Un poema en particular se le quedó grabado:
"El sauce se dobla, pero no se rompe,
Sus ramas trazan el abrazo del cielo.
Al ceder, encuentra su fuerza;
En la quietud, conquista la tormenta".

Pensó en su madre mientras escuchaba, en lo a menudo que se doblegaba bajo el peso de su fe y su deber, y se preguntó si ella también encontraba fuerza en ceder.

Cuando caía la noche y se encendían los faroles del palacio, Aegon solía estar demasiado agotado para pensar. Sin embargo, cada noche, mientras yacía en su cama, mirando el techo pintado -dragones y estrellas girando en una danza cósmica-, su mente se agitaba. Yi-Ti era una tierra de contradicciones, un lugar donde lo imposible parecía respirar y caminar entre los hombres.
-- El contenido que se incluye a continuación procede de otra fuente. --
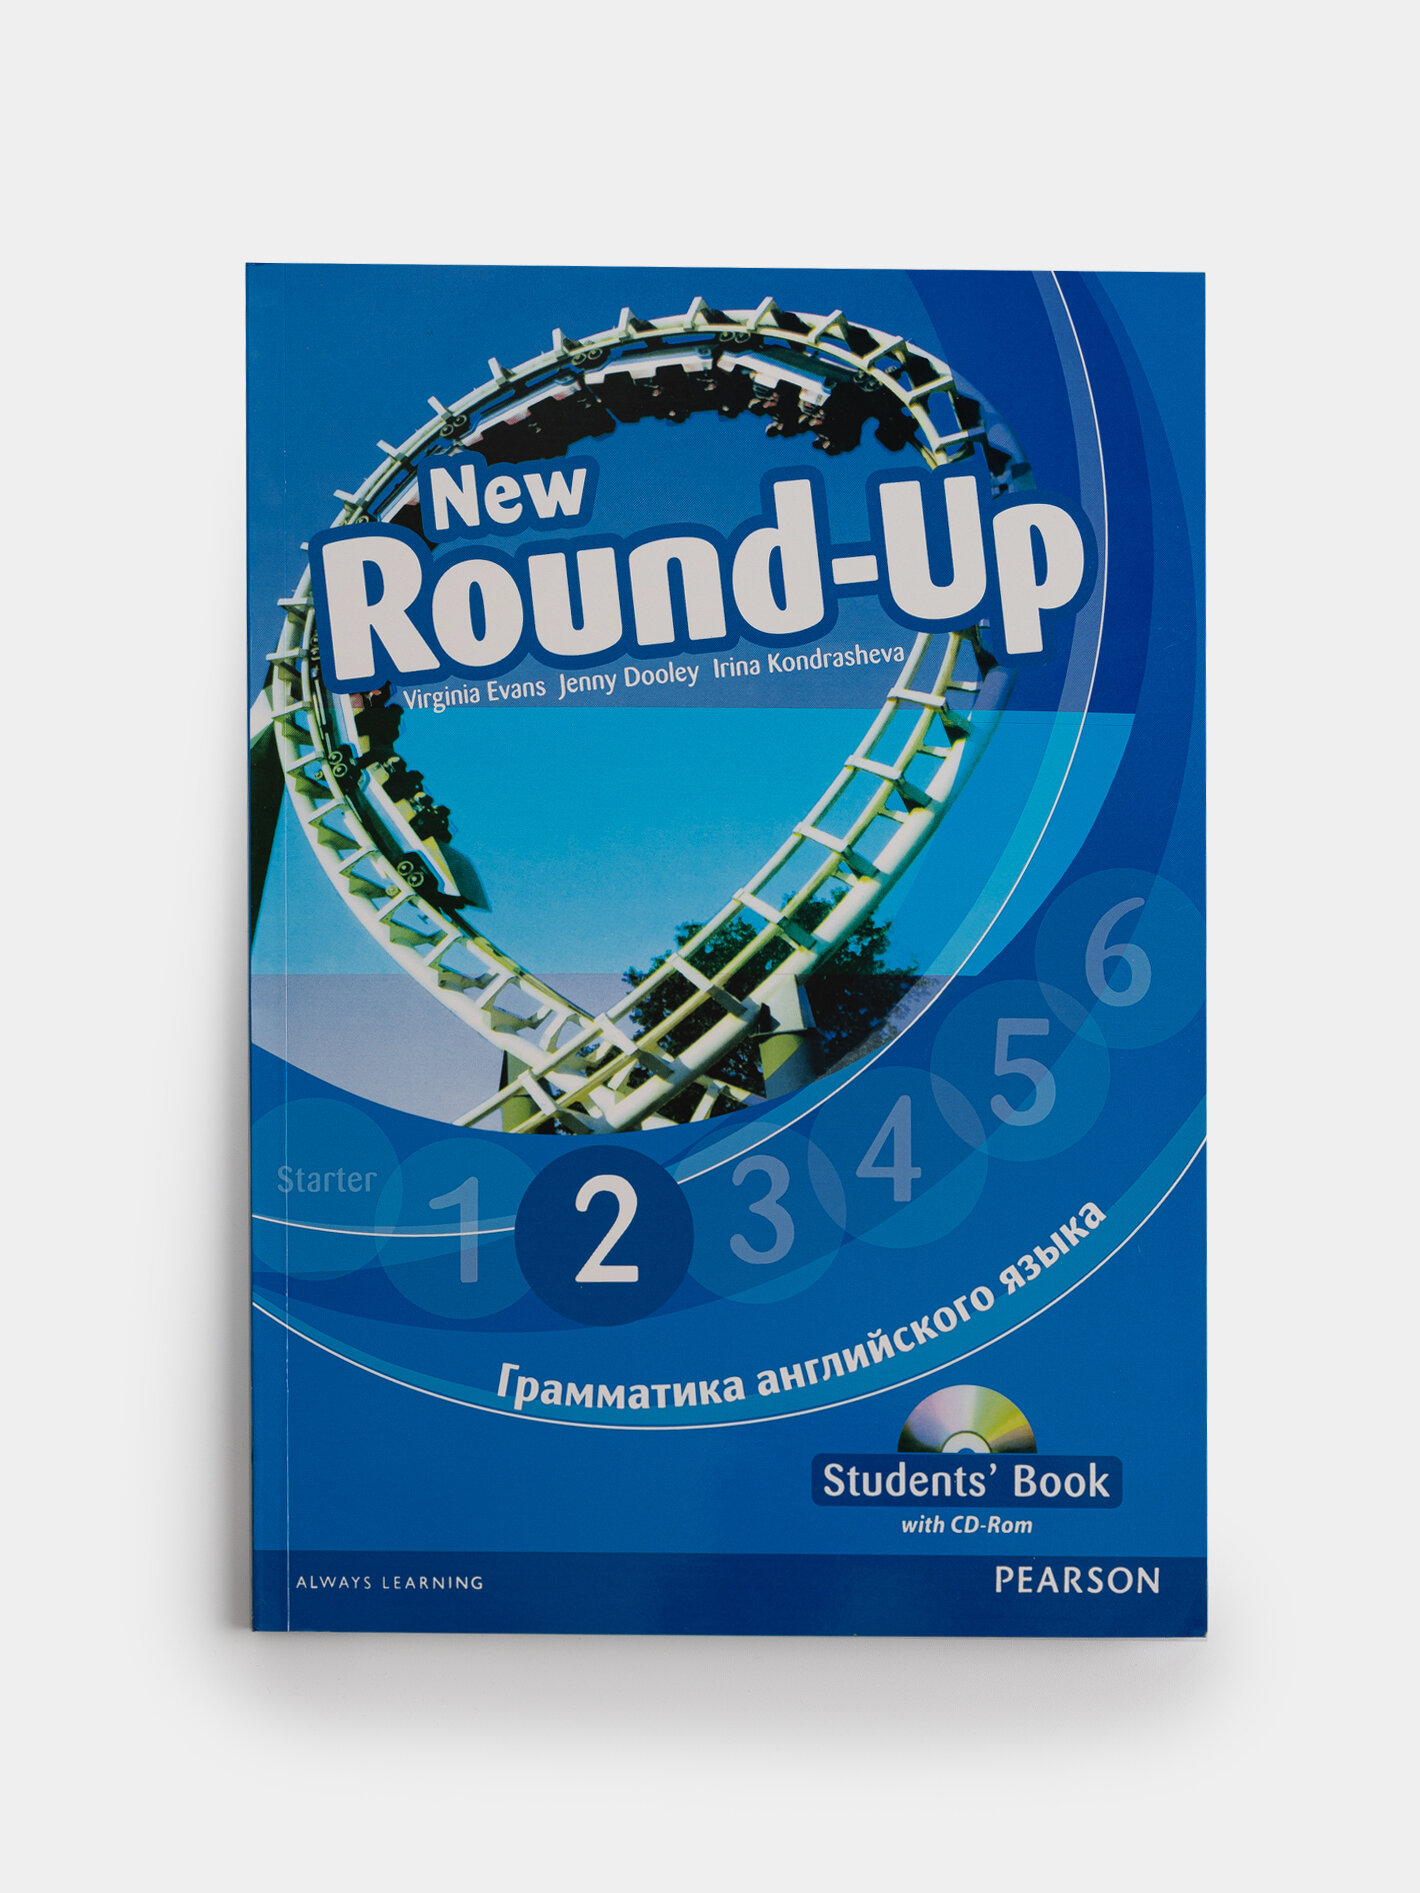 New Round-Up 2 (русская версия) + CD диск - учебник для изучения английского языка на уровне A1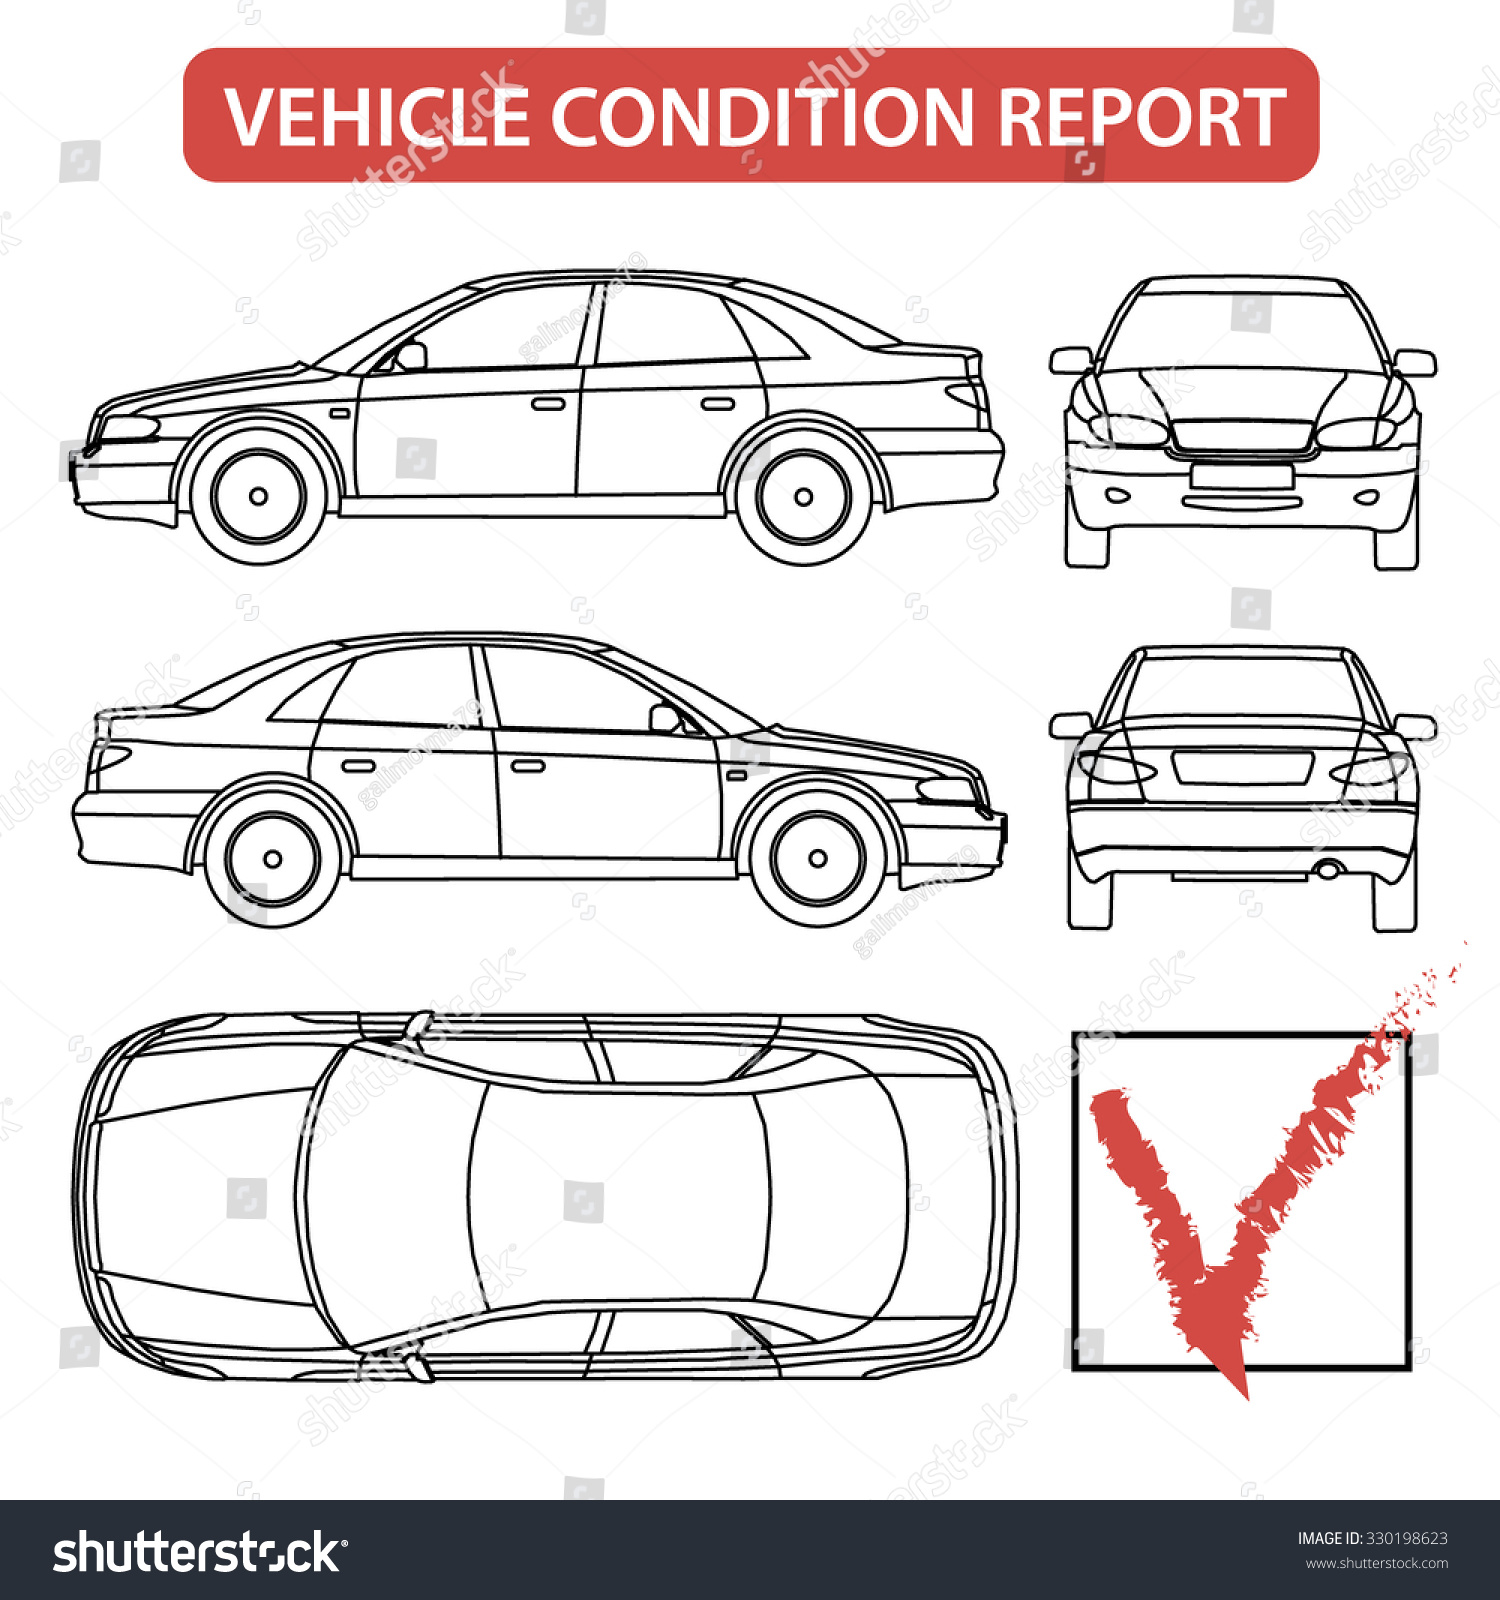 Formular für den Zustand des Fahrzeugs: Stock-Vektorgrafik Within Truck Condition Report Template

Tal vez, pensó una noche, aferrando su estrella de siete puntas bajo las sábanas, el mundo sea mucho más grande de lo que los Siete Reinos me enseñaron.


Fin del capítulo 1.

Bueno, creo que últimamente estoy reescribiendo viejas ideas, pero con conceptos diferentes.

Canción de Hielo y Fuego y Dragon Ball, para ver cómo se combinan sin salirse de la lógica de ninguna de ellas. Pero no esperen que sea más fiel a una que a otra, es un fanfic.

Si vieron la serie HOTD y son Team Black, esta obra no es para ustedes, y si son Team Green tampoco. Todos son unos hipócritas. Aquí somos el Team Saiyan.